Boško Perošević (Бошко Перошевић; 17 September 1956 – 13 May 2000) was a Serbian politician. He serves as a Chairman of the Executive Council of Vojvodina in 1993 until his assassination in 2000.

==Biography==
Perošević was born in Odžaci and grew up in the near-by village of Ratkovo. He completed elementary and secondary school in Ratkovo and Odžaci, then Higher School of machine engineering and Economical Faculty in Subotica and received his master's degree at the Technological Faculty in Novi Sad. He visited the Soviet Union as a student and in addition to Serbian, he spoke Russian and English.

In the specialized magazines he released several professional papers, while as a designer of tools and devices he patented several innovations. He published a study Kalupi za injekciono presovanje plastomera and together with three co-authors was published a book Promenama do uspešnog preduzeća.

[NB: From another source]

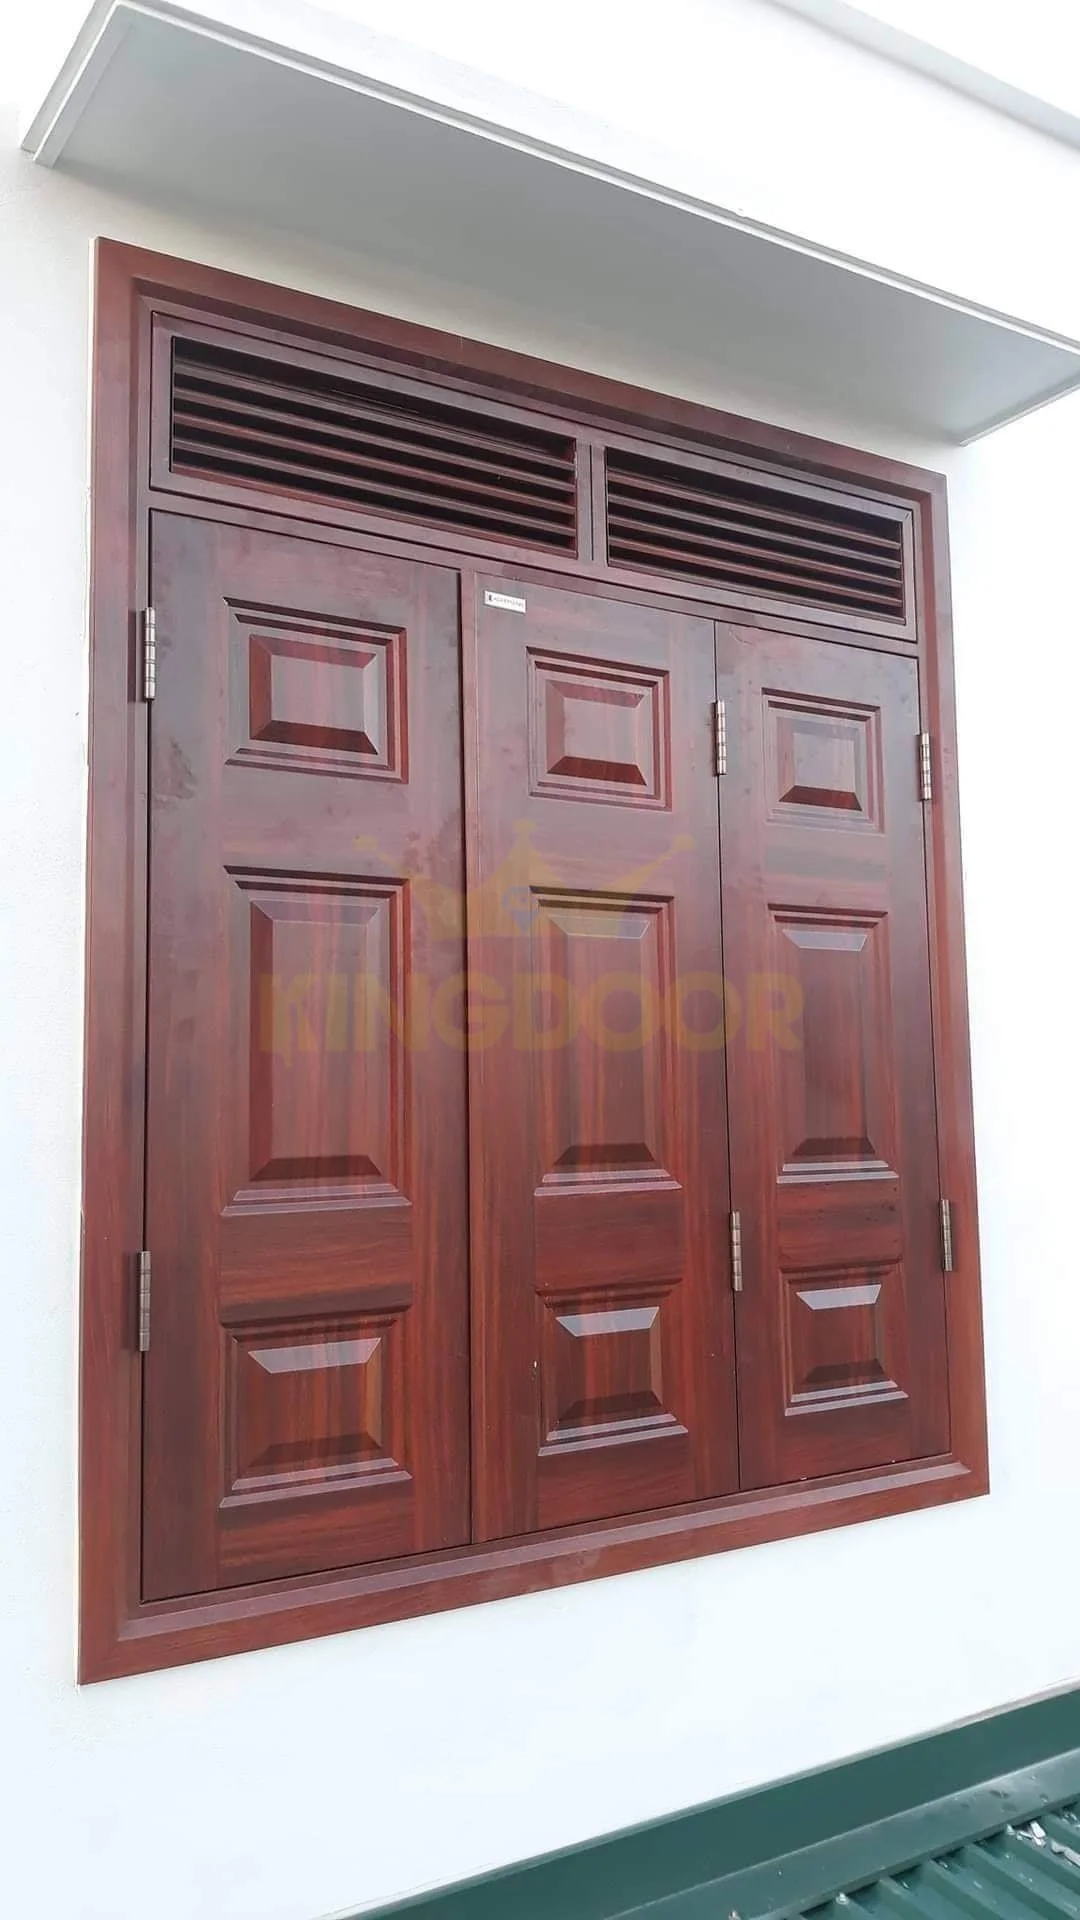 Nội, ngoại thất: Báo giá Cửa thép vân gỗ tại Đà Lạt – Cửa chính, cửa sổ Cua-so-thep-van-go-tai-Da-Lat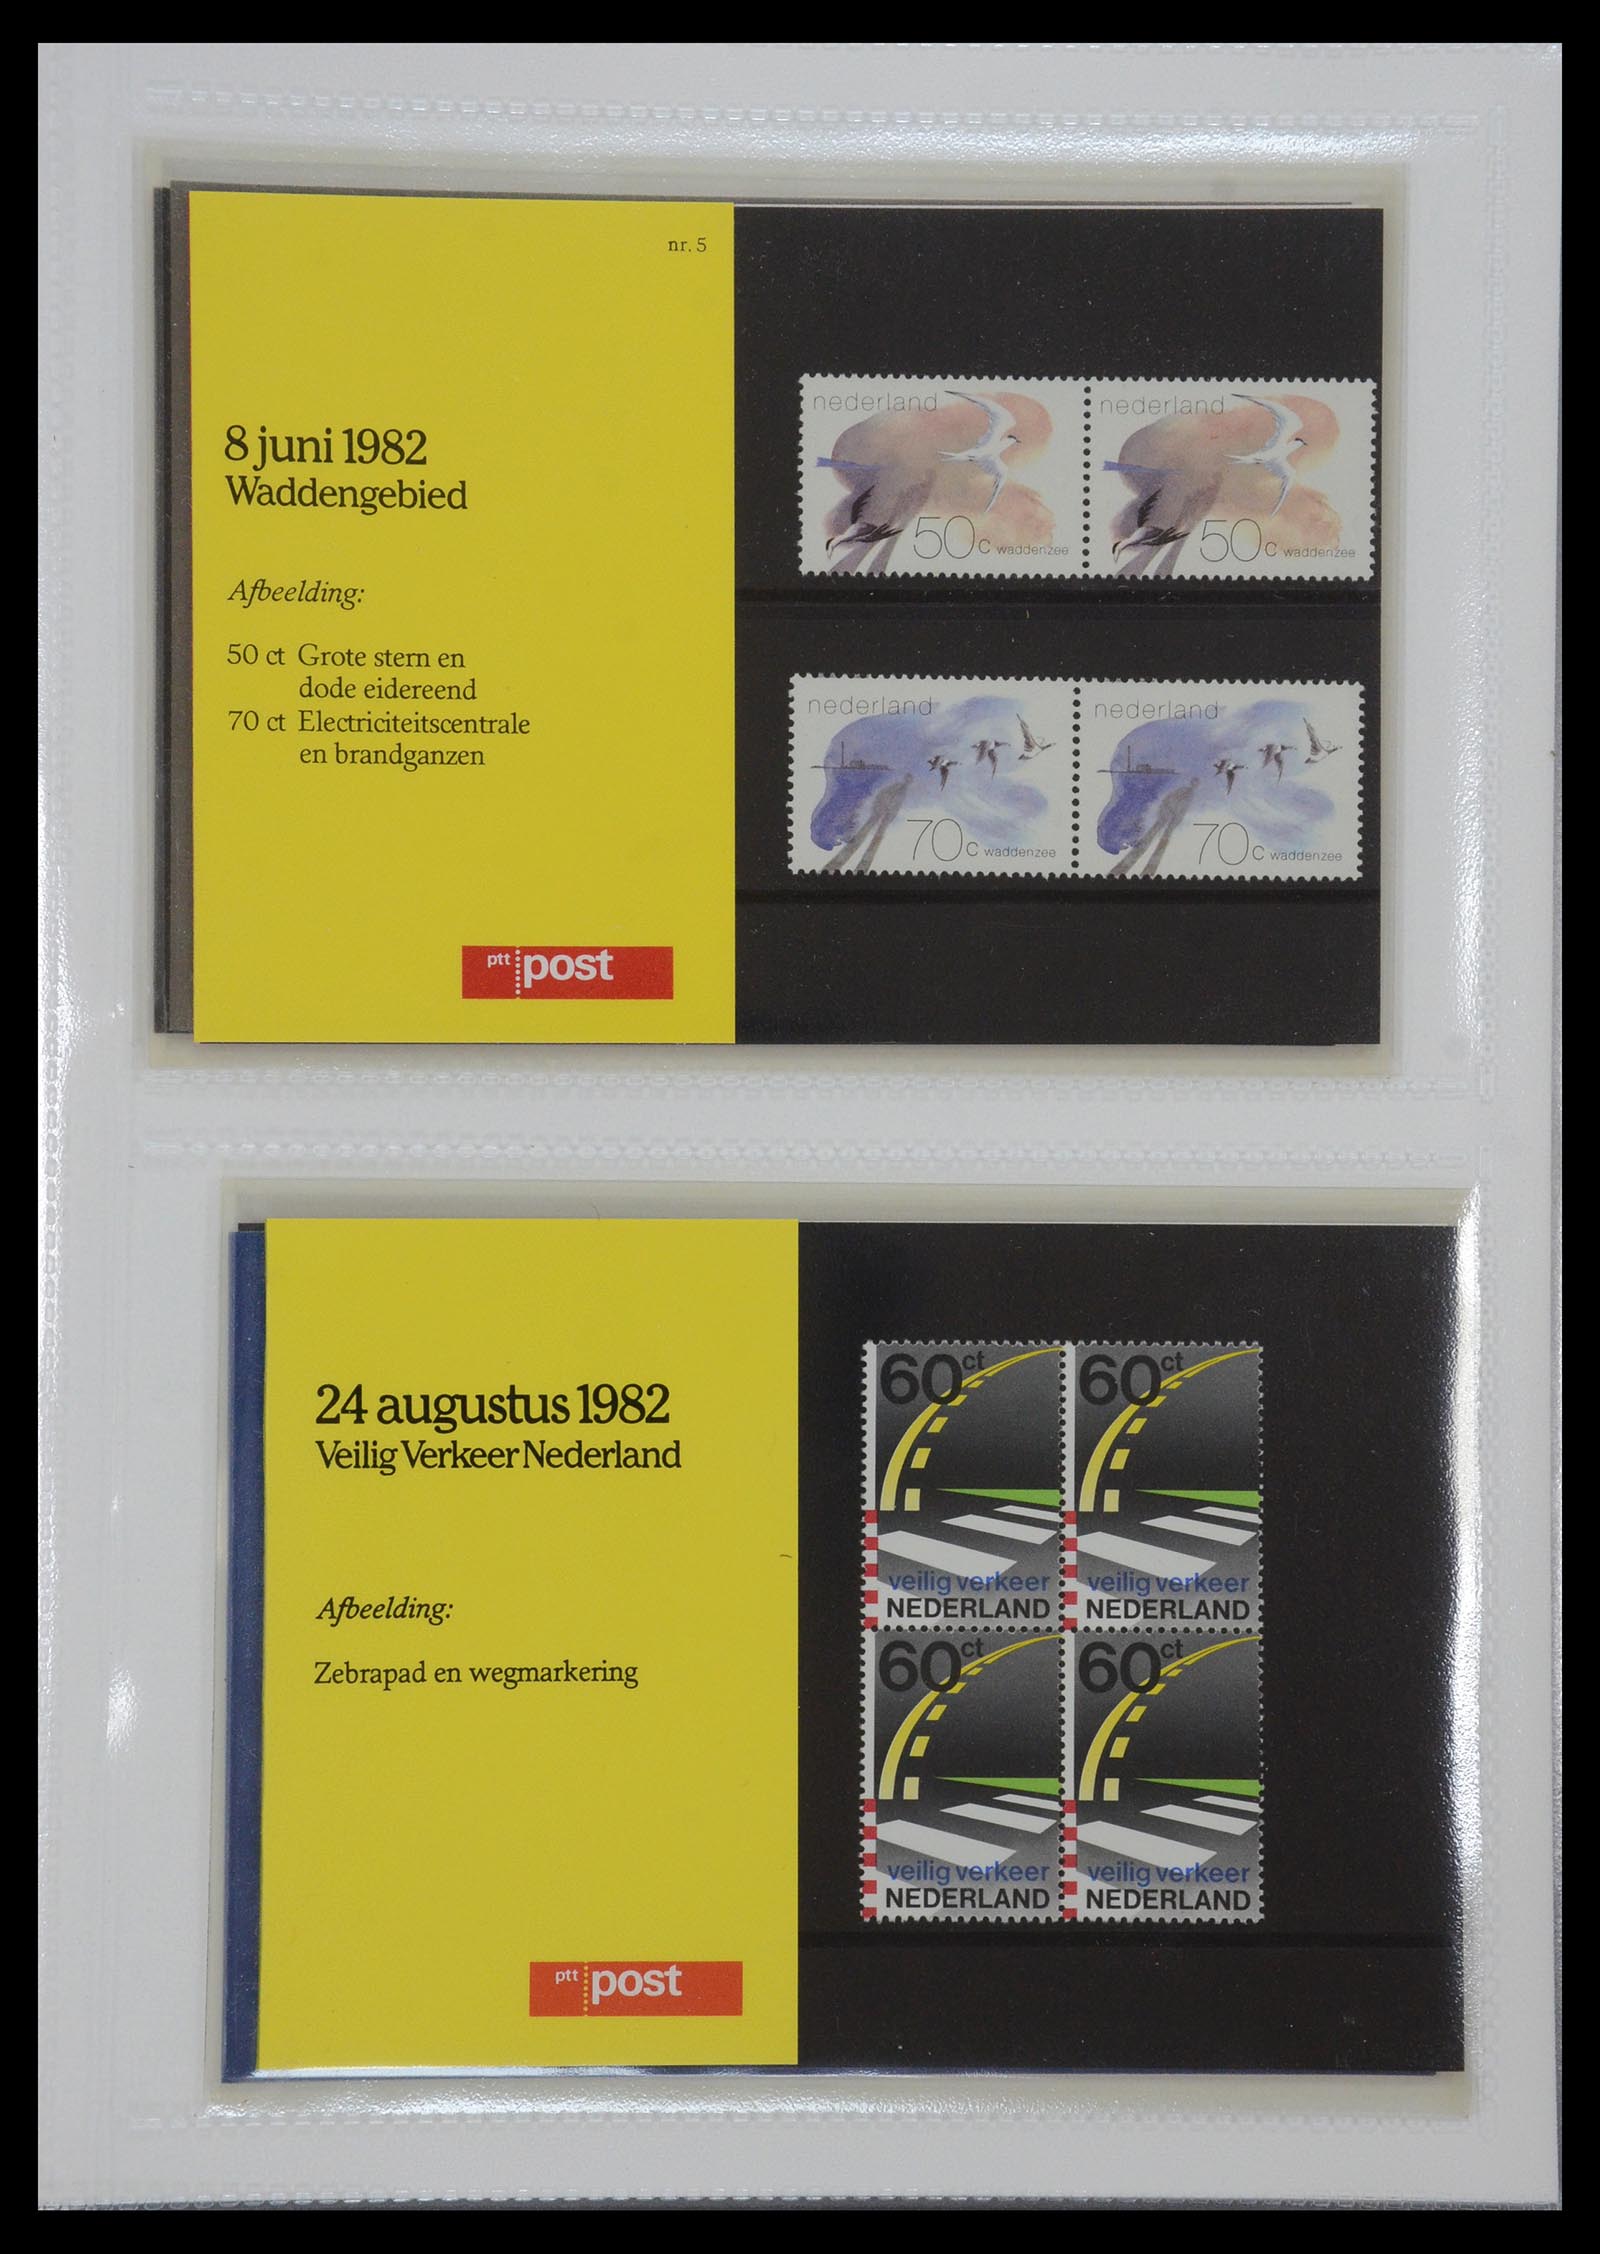 35144 003 - Stamp Collection 35144 Netherlands PTT presentation packs 1982-2021!

In the one time he was worked as an engineer in the industry Ivo Lola Ribar from Odžaci, then was in 1992 appointed as a president of the municipal assembly of Odžaci. In this function he spent only one year, and in 1993 he became the Chairman of the Executive Council of Vojvodina.

From that foundation, Perošević was a member of Slobodan Milošević's Socialist Party of Serbia and of the provincial committee of that party and between 1990 and 1995 he was a president of the committee.

==Death==
Perošević was shot in the head on 13 May 2000 during the tour of Novi Sad Fair. He was pronounced dead at the scene. His assassin was Milivoje Gutović from Perošević's home village of Ratkovo, the doorman of the Fair.